Como relata Gibson es cierto que el incidente neoyorkino le sirvió a Dalí para inaugurar, dos días después en Julian Levy, en Nueva York, con un absoluto éxito y completo eco en la prensa, la misma que había hecho poco caso cuando llegara con el pan a la cabeza al puerto neoyorkino.   “Life” señalaría en esas fechas de 1939 que ninguna exposición del artista había sido tan popular como la que estaba a punto de clausurarse.  También es cierto que el inaprensible Dalí plantearía con su “acción” en la Quinta Avenida, uno de los primeros interrogantes sobre la cuestión de los derechos del autor: la conocida “Declaración de la Independencia de la Imaginación y de los Derechos del Hombre a su propia locura”.  En ella Dalí aludía, despechadamente, al incidente de Bonwit y Teller.

Sobre el asunto de la relación entre surrealismo y el mundo del comercio aconsejamos la esencial exposición que se celebró en el “Victoria and Albert Museum” el pasado año: “The Surreal Body: Fetish and Fashion”.
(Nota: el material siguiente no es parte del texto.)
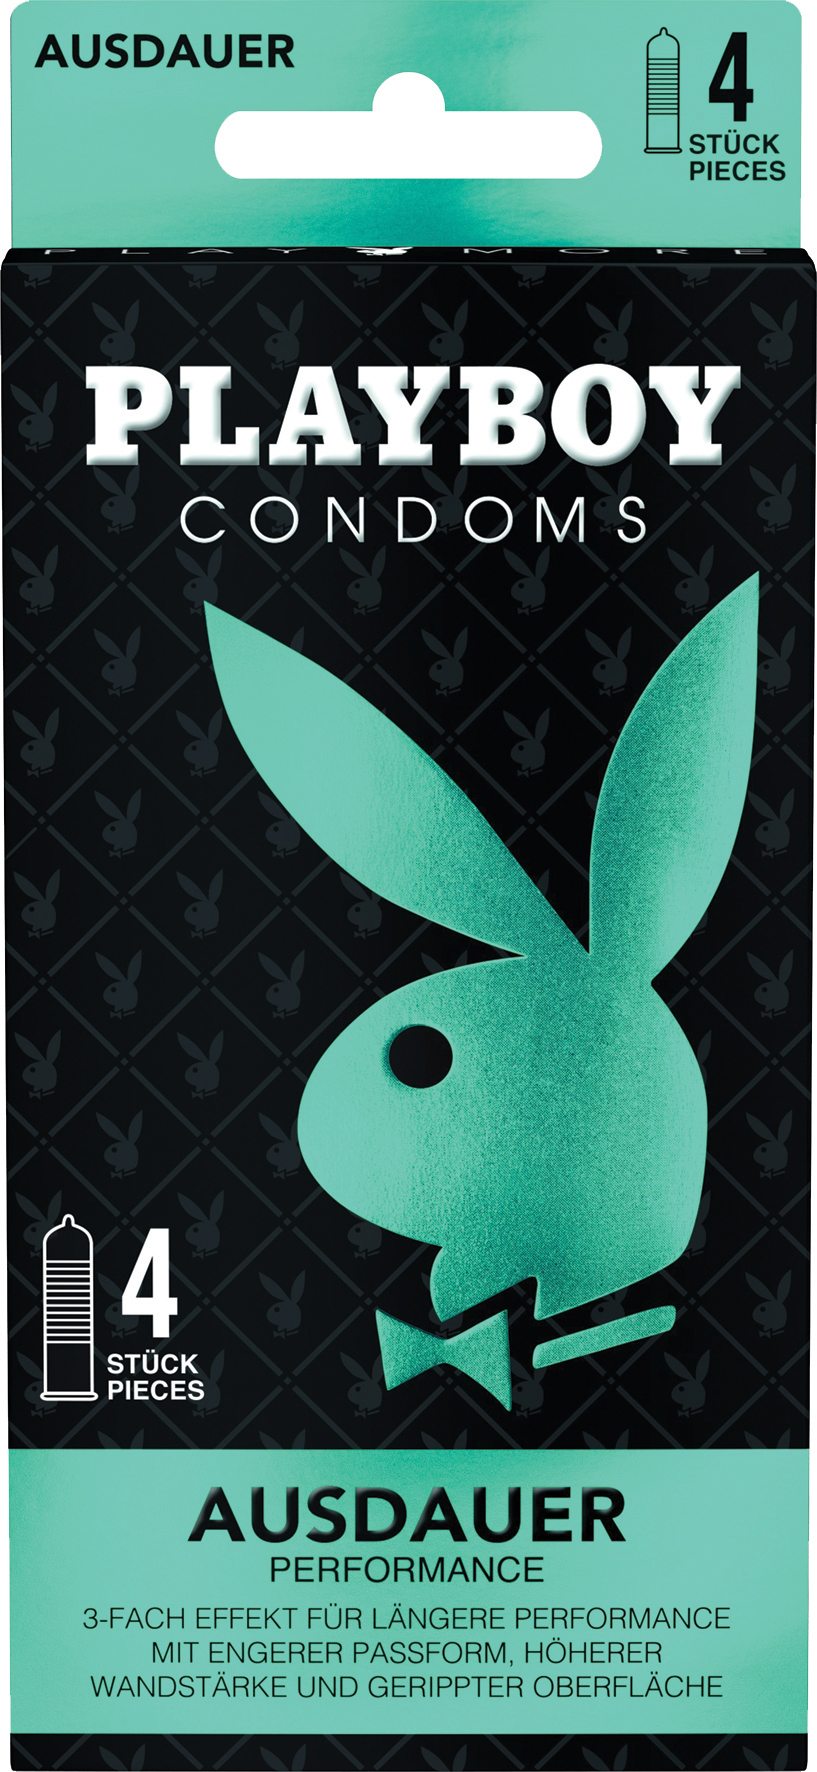 PLAYBOY Condoms Ausdauer, triipudega kondoomid, 4tk

En otras ocasiones, catálogos de ediciones de este programa artístico que tiene ahora su cuarta edición contemporánea, quinta considerando los escaparates de 1963, ya hemos citado a los artistas que han creado en las transparentes vitrinas del escaparate.  Ese lugar que fuera uno de los emblemas del trabajo de Jean Eugène Auguste Atget (1857-1927), fotógrafo vindicado por los surrealistas principalmente por su capacidad para rescatar rincones de lo cotidiano que hasta ahora no eran objeto del arte.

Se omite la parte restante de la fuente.